To my mind it is little short of demonstration, that a great lapse of time was necessary for the production and deposition of the enormous amount of mud-like matter forming the Pampas; nor should I have noticed the theory of a debacle, had it not been adduced by a naturalist so eminent as M. d’Orbigny. (p. 98.)

Though Darwin and d’Orbigny disagreed on the big things, theirs was still a productive relationship (despite how much the Frenchman’s beliefs got under the Englishman’s skin).  In the same volume on the geology of South America, Darwin praised d’Orbigny and thanked him for the work he had done on some of the Andean specimens Darwin had collected during the Beagle voyage.

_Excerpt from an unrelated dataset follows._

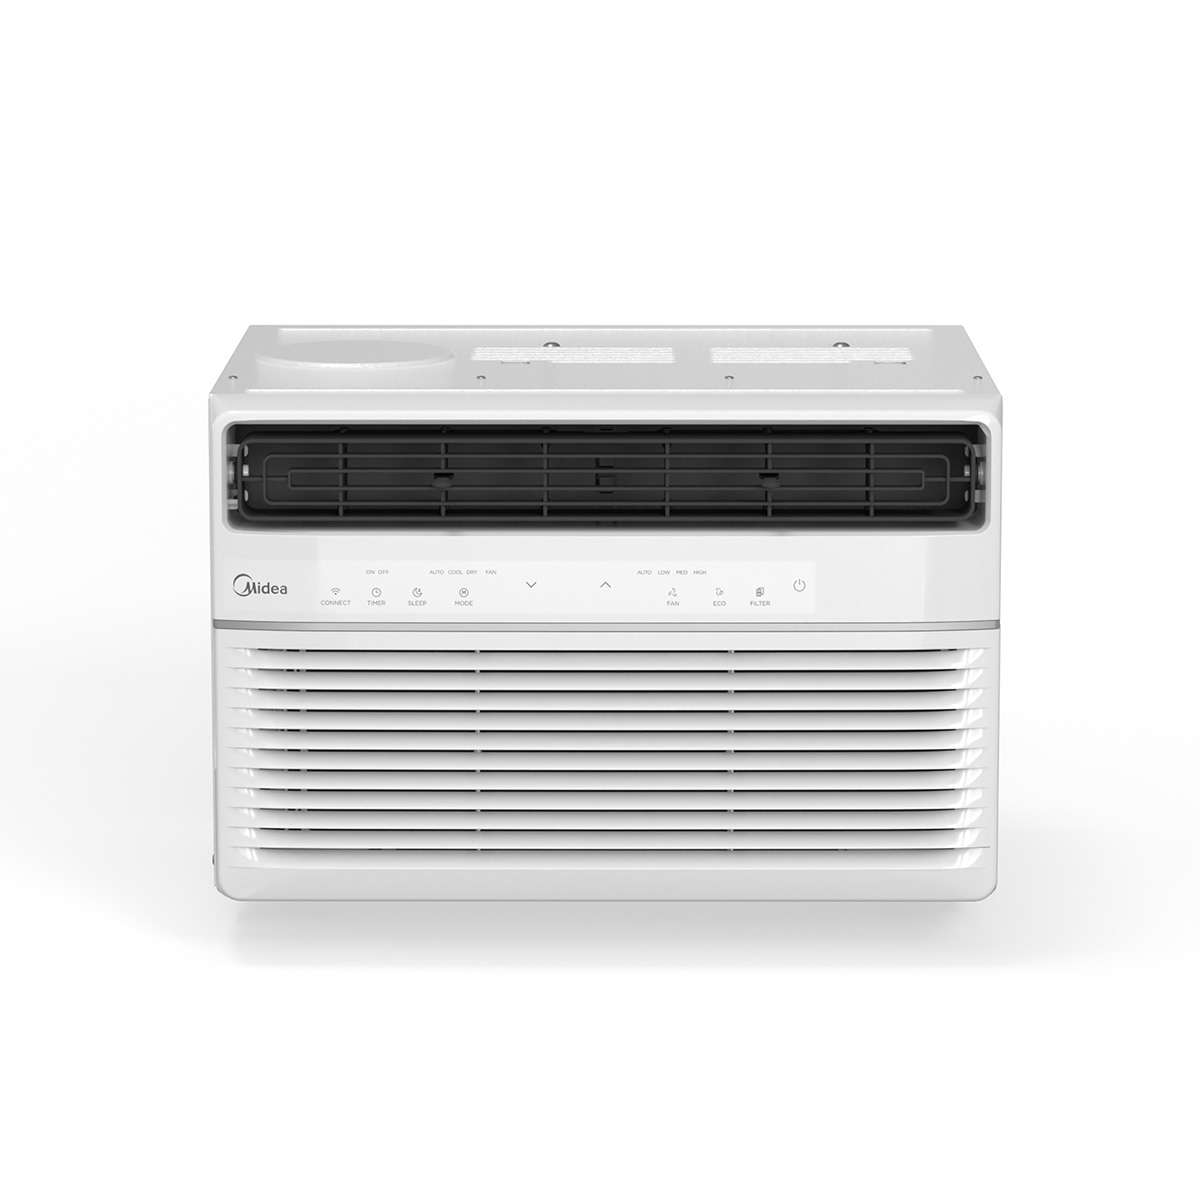 Midea 6,000 BTU Window AC, 3 -in-1 Cools, Dehumidifies and Circulates, Washable Filter, Remote Control, up to 250 Sq. Ft.

M. Alcide d’Orbigny, in his great work on South America, having published descriptions of many fossil mollusca, I took the liberty of writing to him to request that he would be so good as to look through my collection, and to this request, he acceded in the most obliging manner:  hence every species, with M. d’Orbigny’s name attached to it, has been identified by him.  Not only did M. d’Orbigny render me this important service, but, as will be apparent in the course of this work, he has favoured me with his opinion on the age of the several groups of fossils, and on the distinctness and affinities of many of the species:  considering that I had no claim on M. d’Orbigny’s time, I cannot express too strongly my sense of his extreme kindness.  (p. iv.)

Yes, the two might not see eye to eye on the fundamental issues, but Darwin recognized d’Orbigny’s taxonomic skills and, as was his want, enlisted his expertise.

Speaking of taxonomy, there’s a taxonomic story to be told about the Anomia simplex, one of inconsistency in the sources cited as to where d’Orbigny actually named and described the shell.  But it’s de minimis in the scheme of the stories told here, better to stick to voyages of discovery.